Violette’s parents were a French mother and an English taxi-driver father who had met during World War I. She was born Violette Reine Elizabeth Bushell in Paris on 26 June 1921 and that’s where she spent her early years. Some time later the family moved to London where Violette attended Brixton Secondary School until she was fourteen. She found work as a hairdressing assistant and then as a department store sales assistant.

The movie doesn’t cover that early part of her life but it picks it up around this time, when she was a young woman working in London. It was on 14 July 1940 that she met Etienne Szabo, an officer in the Free French Army, at the Bastille Day parade in London and after a whirlwind romance, the couple were married just 42 day later on 21 August.

Their happiness seemed complete when Violette became pregnant with their daughter, Tania, but then Etienne was sent to North Africa where he died at the Battle of El Alamein in October ’42. He never saw his child.

It may have been for reasons of revenge or simply because she felt she had to do her bit for the war effort in the hope that her husband’s death wouldn’t have been in vain but whatever the reason, some time after receiving this tragic news Violette agreed to work for the Special Operations Executive (SOE).

She underwent intense training in everything from weaponry and explosives to cryptography and unarmed combat and on 5 April 1944 with little Tania tucked up in bed under the roof of her parents’ house, she was sent on her first mission into German-occupied France. Together with an SOE colleague, her task was to reorganise a resistance network that had been broken up by the Nazis and under the code name “Louise”, which also happened to be her nickname, she led the reformed group into blowing up a railway viaduct. Despite being picked up and questioned by a suspicious Gestapo, she was released and managed to return to England on 30 April. Mission accomplished. She’d proved herself to be courageous, capable and reliable.

Unfortunately, her second mission wouldn’t go quite so well. She was flown into central France on 7 June ’44, the day after D-Day, with the task of coordinating the activities of the local Maquis to sabotage German communication lines to aid the Allied invasion of Normandy. She was riding in a car that came upon an unexpected roadblock and after a brief running gun fight, during which she remained behind to allow her Resistance accomplice to escape, she was captured and taken for interrogation to Limoges.

Refusing to give up any information, she was transferred to Gestapo headquarters in Paris for further interrogation and torture but she remained uncooperative to the Germans and was moved to Ravensbrück concentration camp in August ’44. There she endured hard labour and malnutrition. Having been reunited in Paris with two recently caught fellow agents whom she had befriended during their initial training, Lilian Rolfe and Denise Bloch, the three women were executed by SS firing squad in February 1945. Violette was just 23 years old. Her body was cremated in the camp’s crematorium. The film ends with her daughter Tania, accompanied by her grandparents to Buckingham Palace, accepting the George Cross from the King.

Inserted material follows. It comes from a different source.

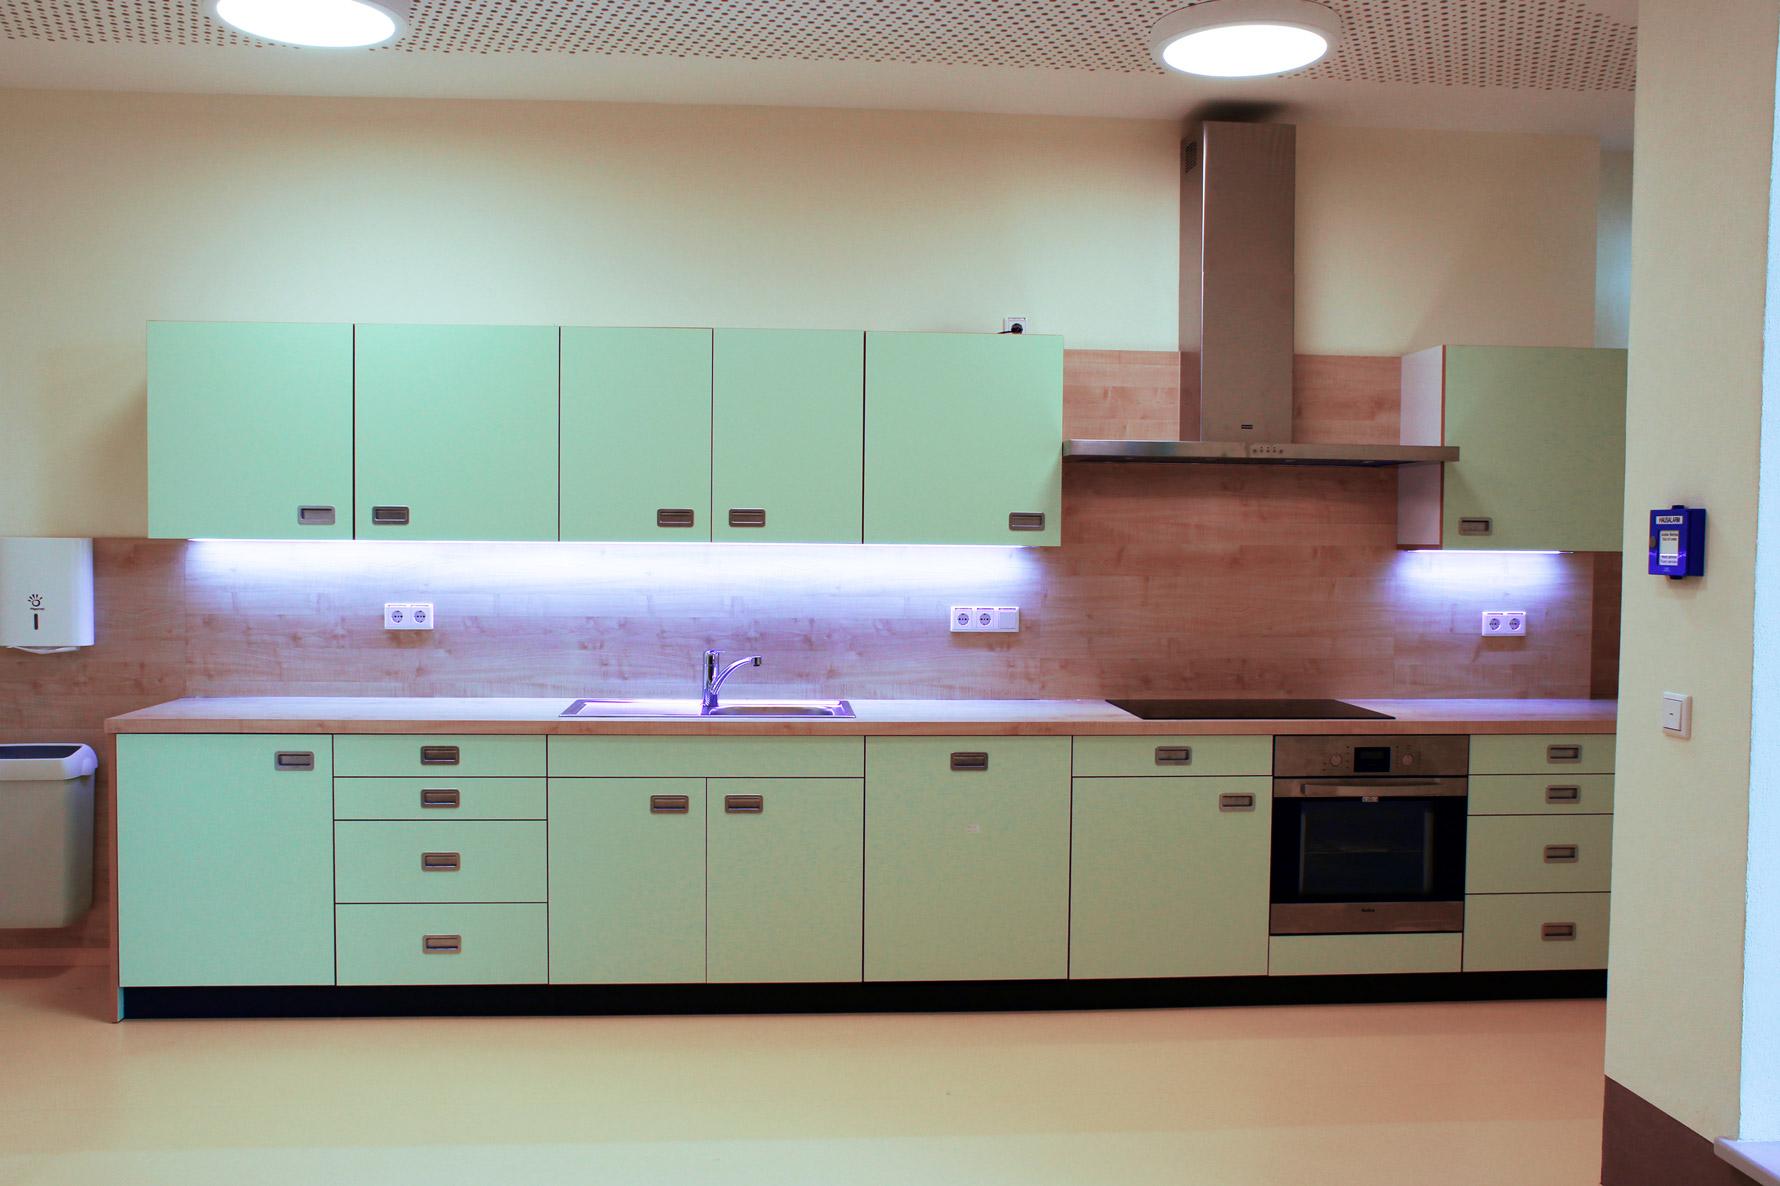 Einbauküche komplett - Arbeit der Möbeltischlerei Holzwerkstatt Trommer

As a movie, it’s perky and, in the right places gripping. Director Lewis Gilbert, whose career spanned six decades and included titles like Reach for the Sky (1956), Sink the Bismarck! (1960), Alfie (1966), The Spy Who Loved Me (1977) and Educating Rita (1983) does a great job in pacing the action. Virginia McKenna who plays Szabo in a BAFTA nominated role, really got her teeth into the character and spent weeks training physically for the part. She manages to portray Szabo with a realism that leaves you feeling terribly sad as the end credits roll and yet so thankful to her and all those other individuals who gave their help and in many cases, their lives, to defeat Nazi Germany.

I remember (albeit a little vaguely now) what I was doing when I was 23 years old and it certainly wasn’t dodging bullets, blowing up viaducts and having my body scarred by torture. If you’ve never seen this movie or heard of Violette Szabo, then I recommend you check it out. She was a true heroine and paid the ultimate price for the risks she took but her memory will live on.